SOURCE DATA:
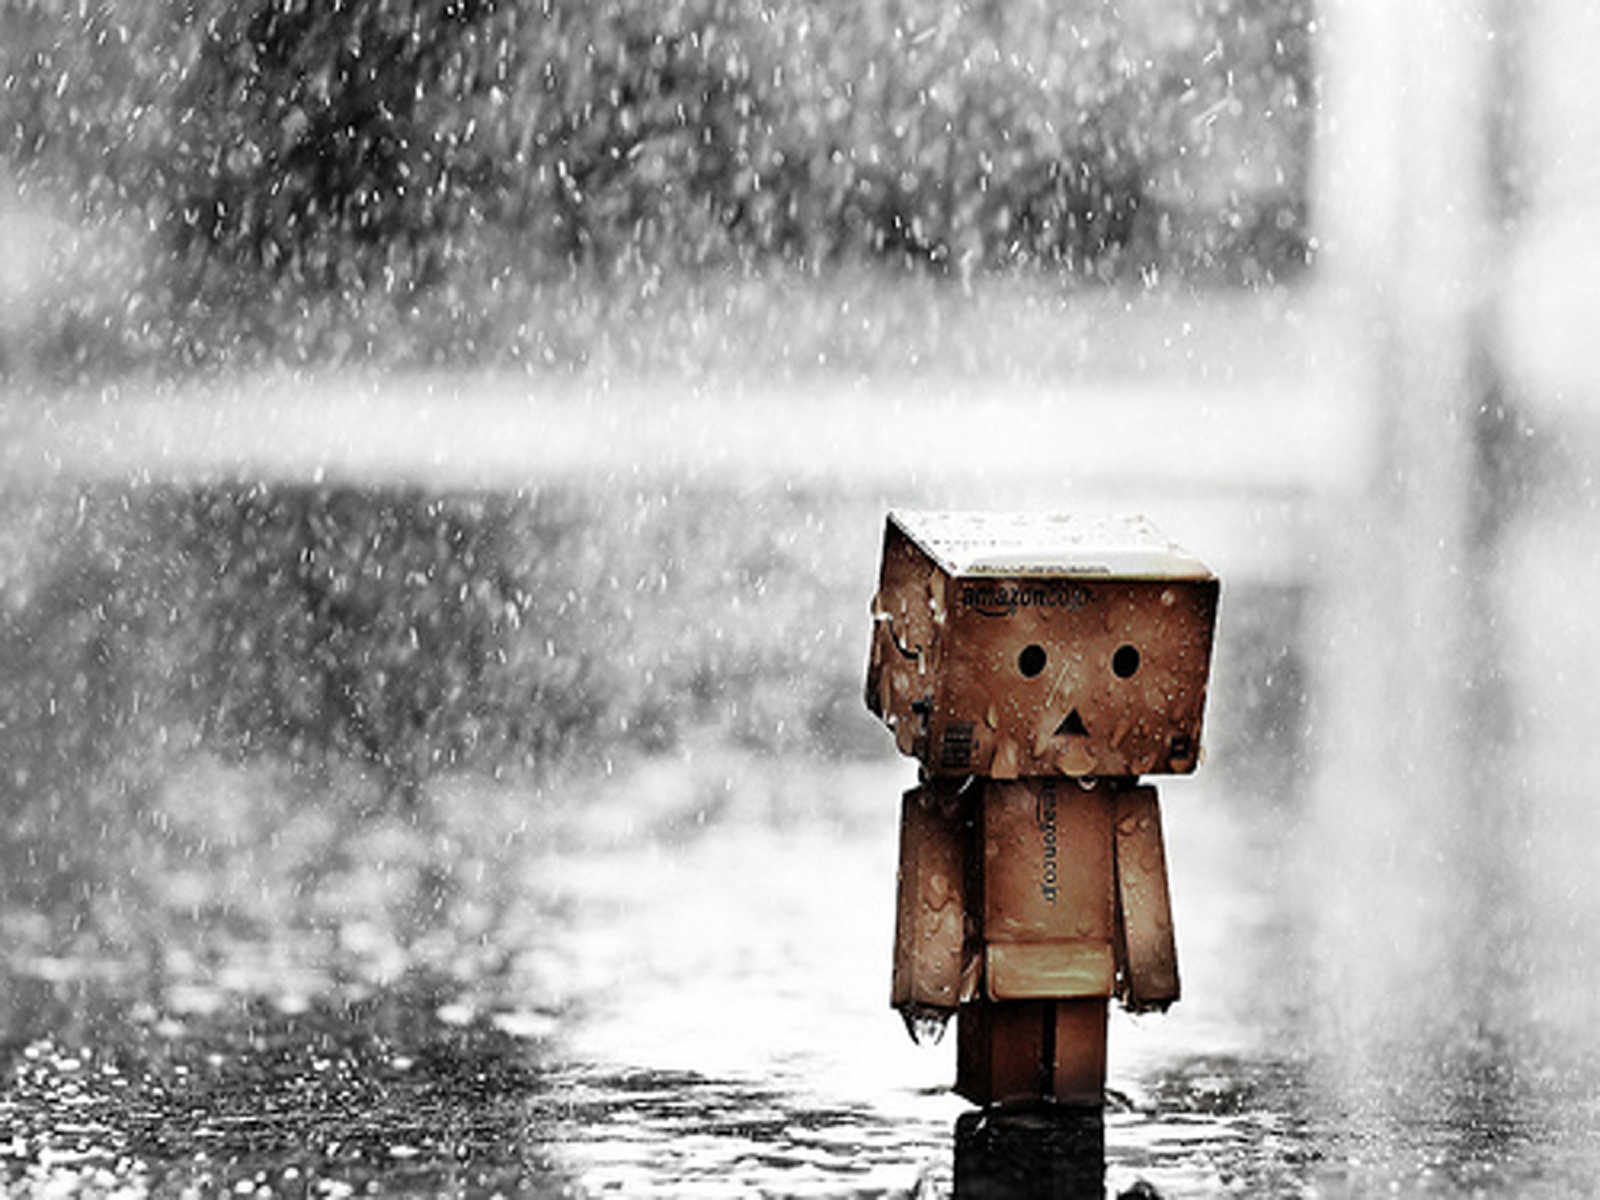 Rain Wallpapers Desktop HD Wallpapers Pictures Images 1600x1200
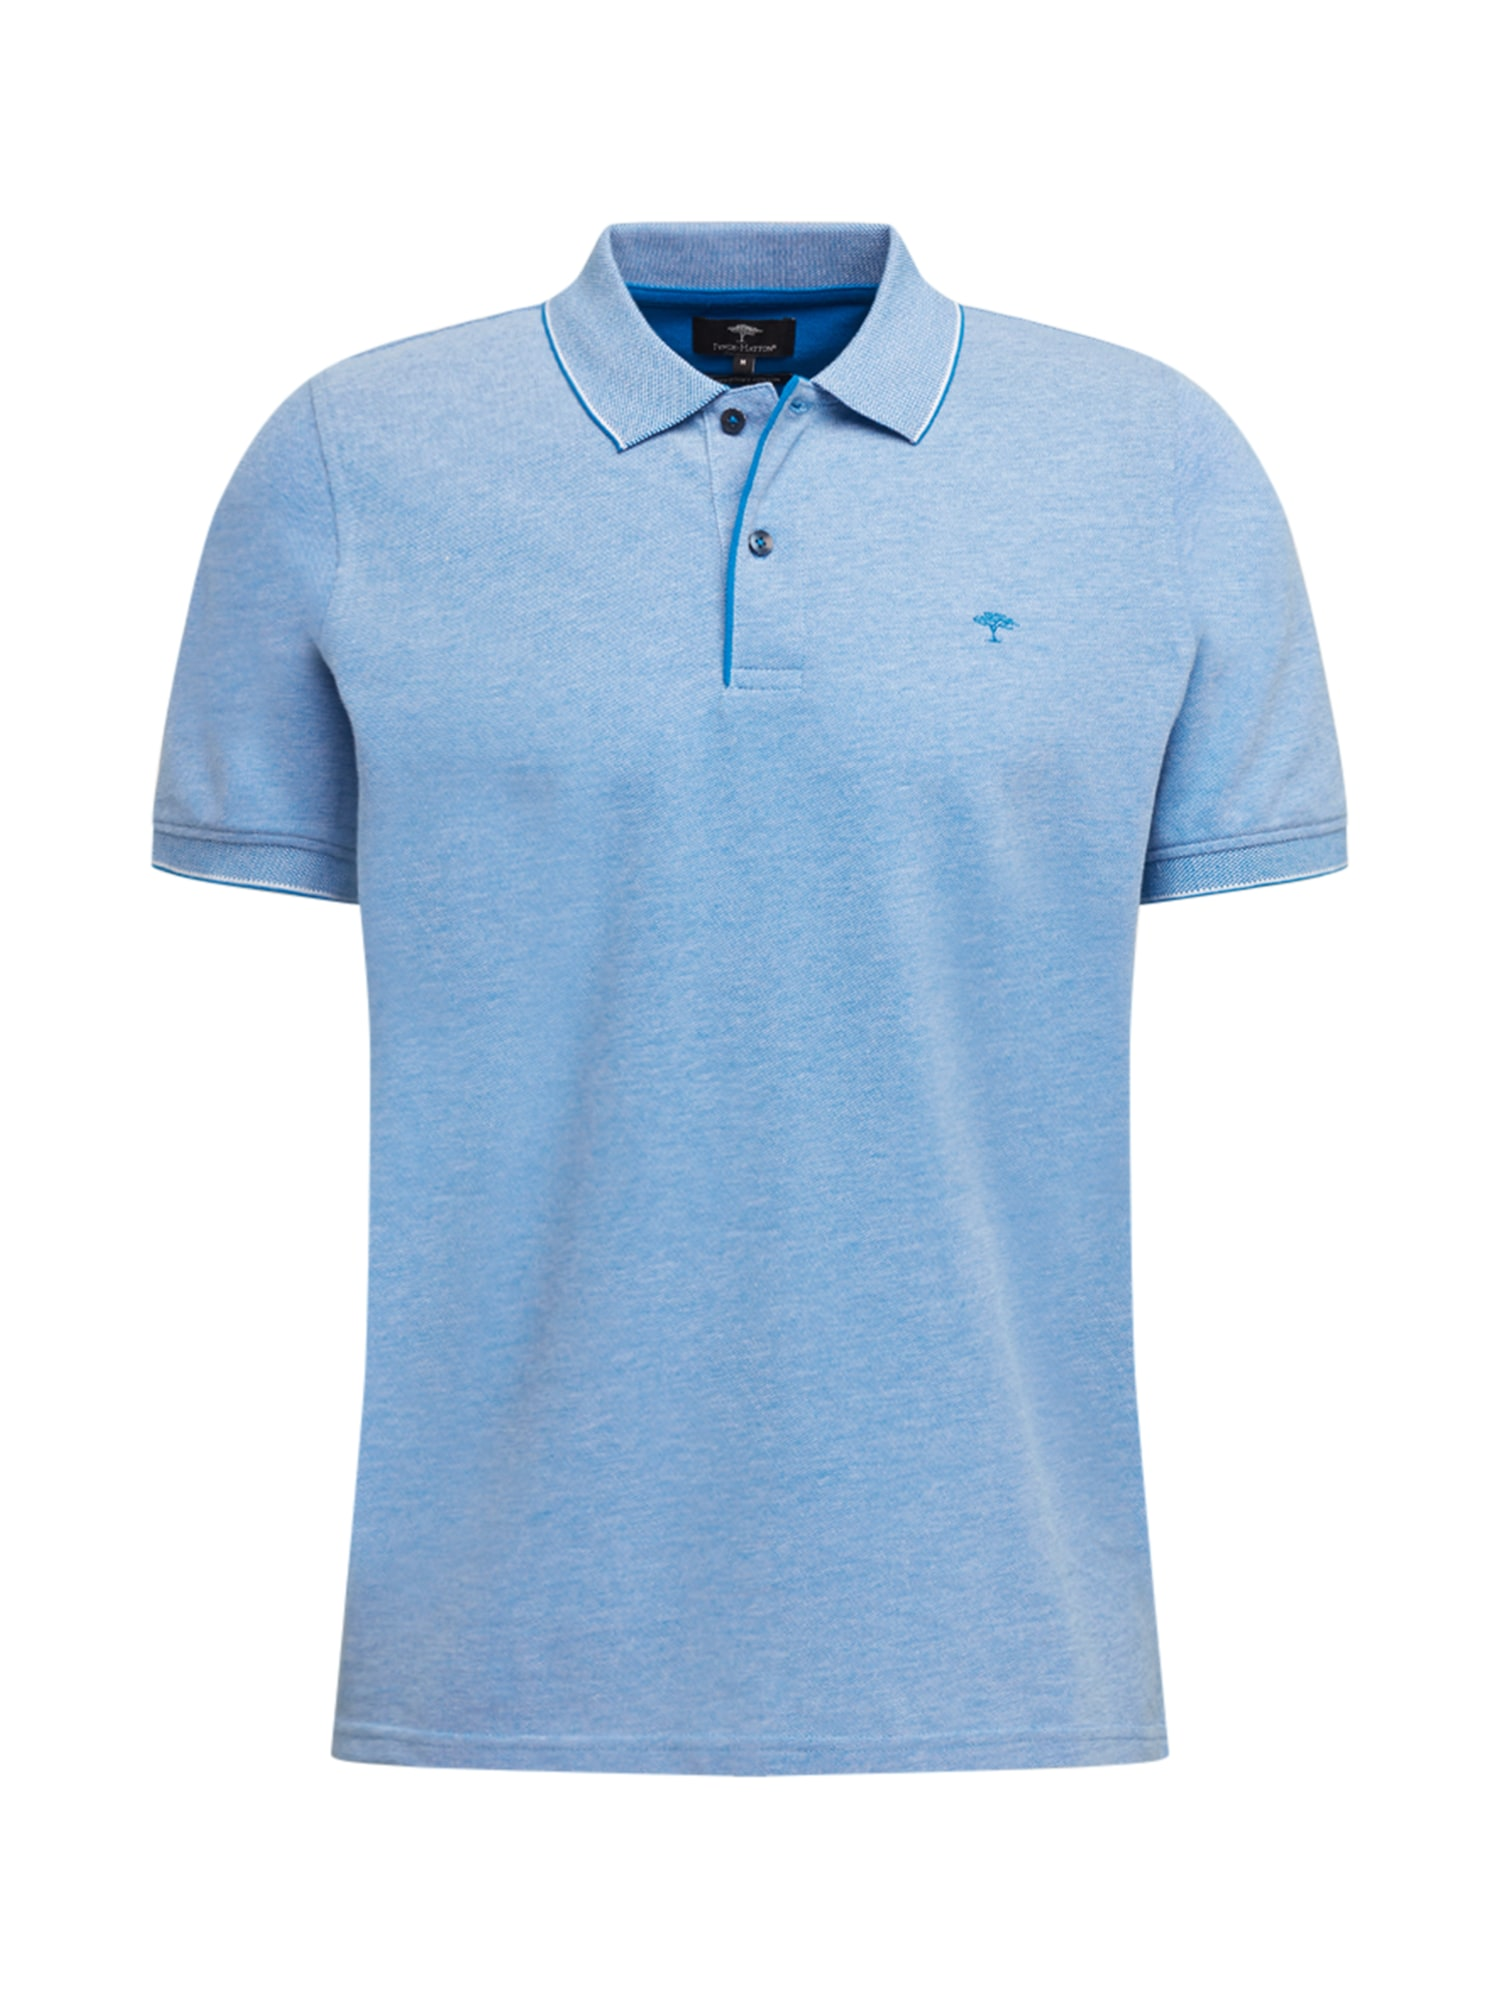 FYNCH-HATTON Marškinėliai margai mėlyna / dangaus žydra
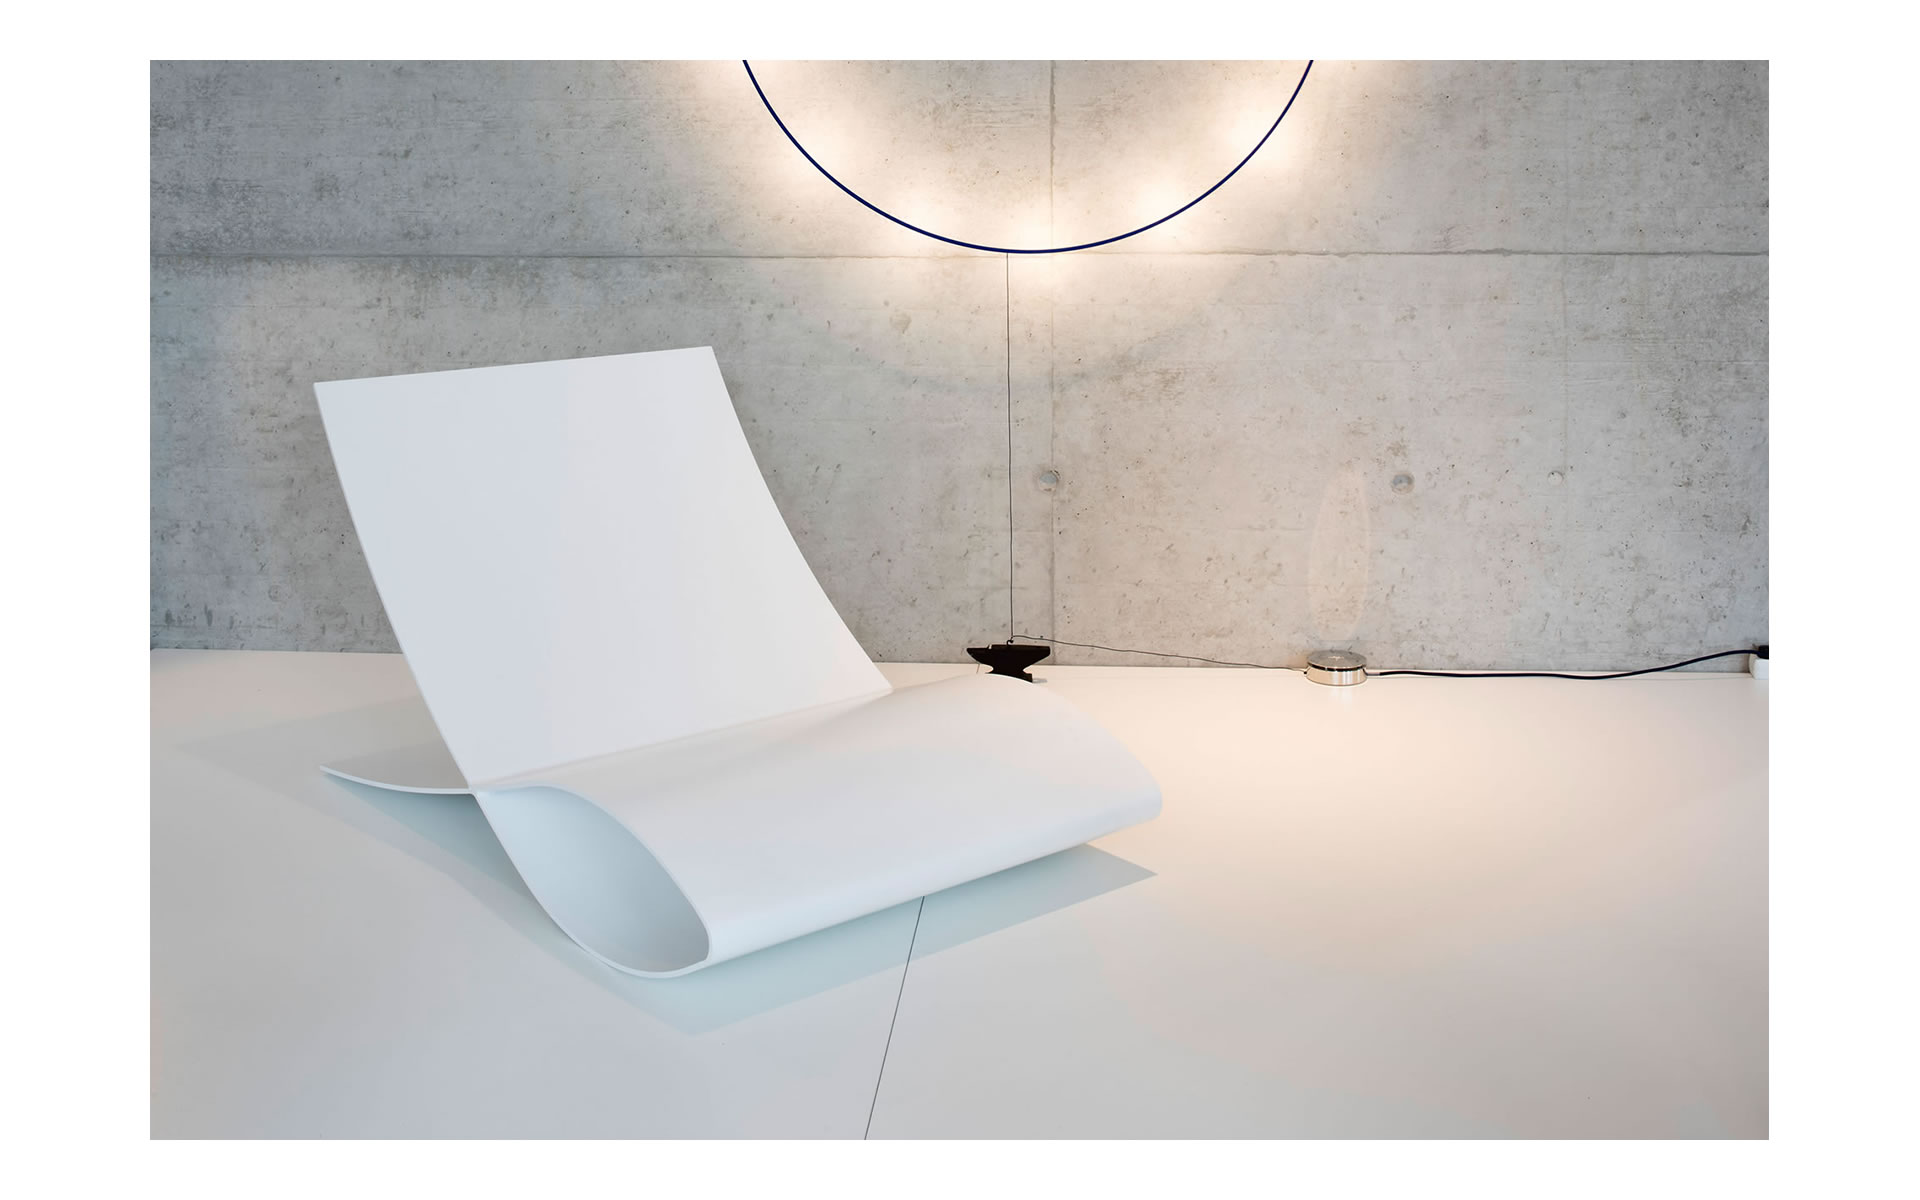 Sessel Weiss Hochglanz Lack Lounge Wartebereich Empfang Modern Bsk  Nuernberg Designmoebel
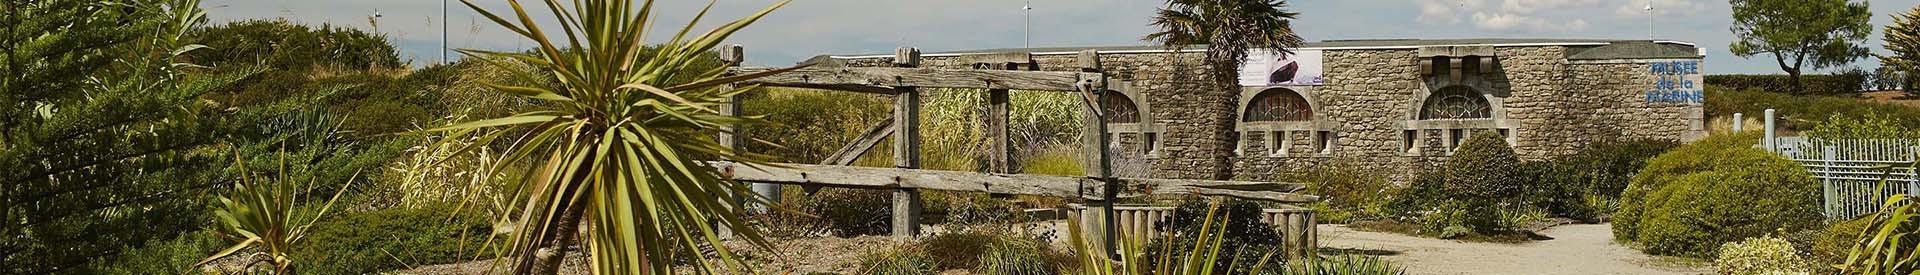 parc-jardin-littoral-st-brevin-20-149
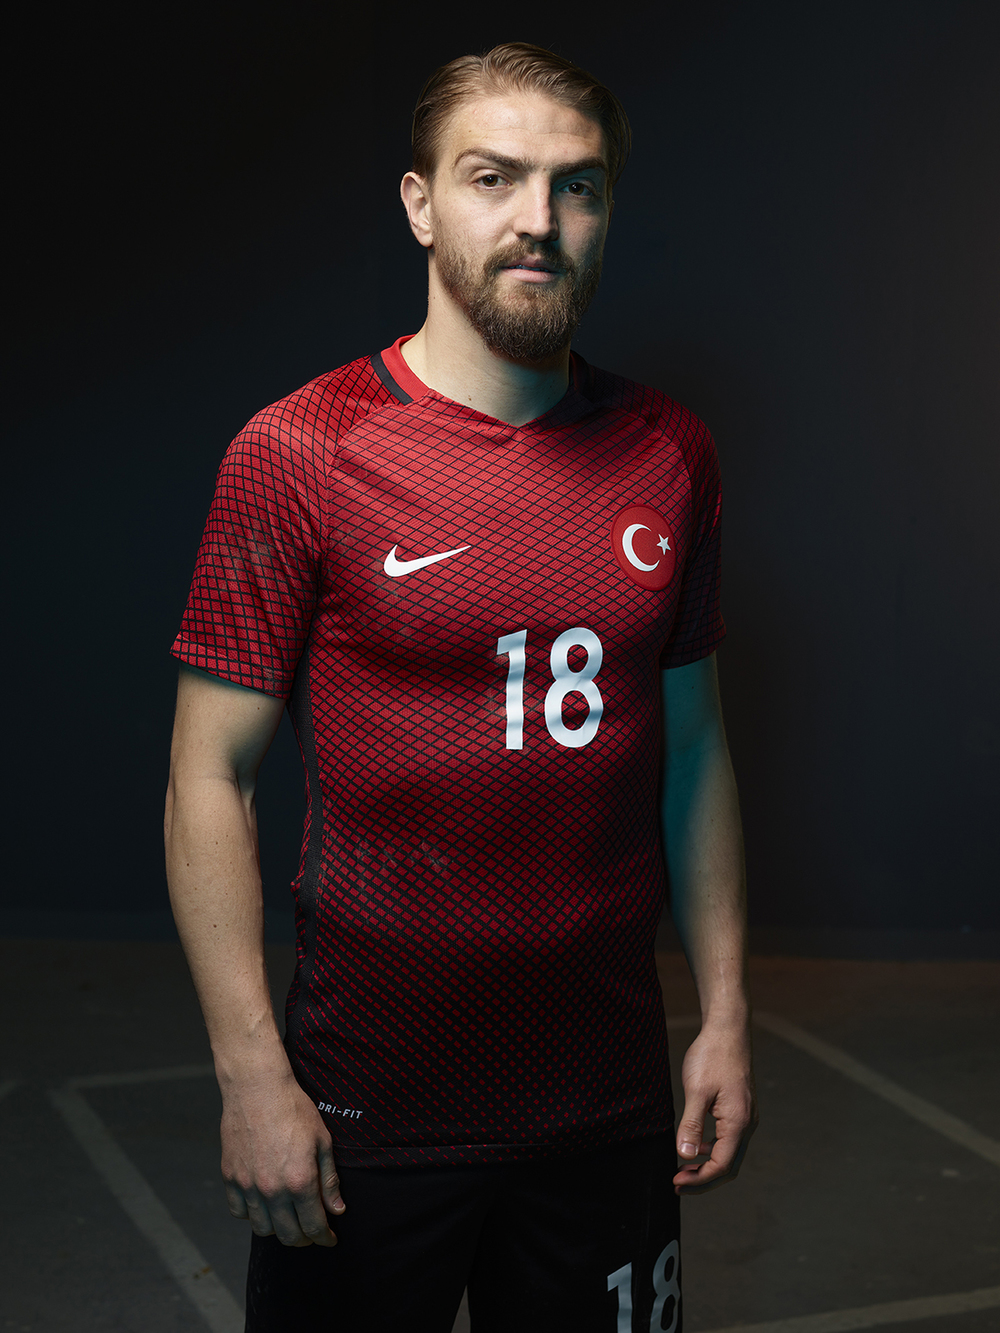 NikeTurkey_TWB_3073.jpg

TASK REQUIREMENTS: Leave out all pictures and extract exactly the lines from the line with "Sessel Weiss Hochglanz" through the end of the material.

TASK RESULT:
 Sessel Weiss Hochglanz Lack Lounge Wartebereich Empfang Modern Bsk  Nuernberg Designmoebel
 parc-jardin-littoral-st-brevin-20-149
 NikeTurkey_TWB_3073.jpg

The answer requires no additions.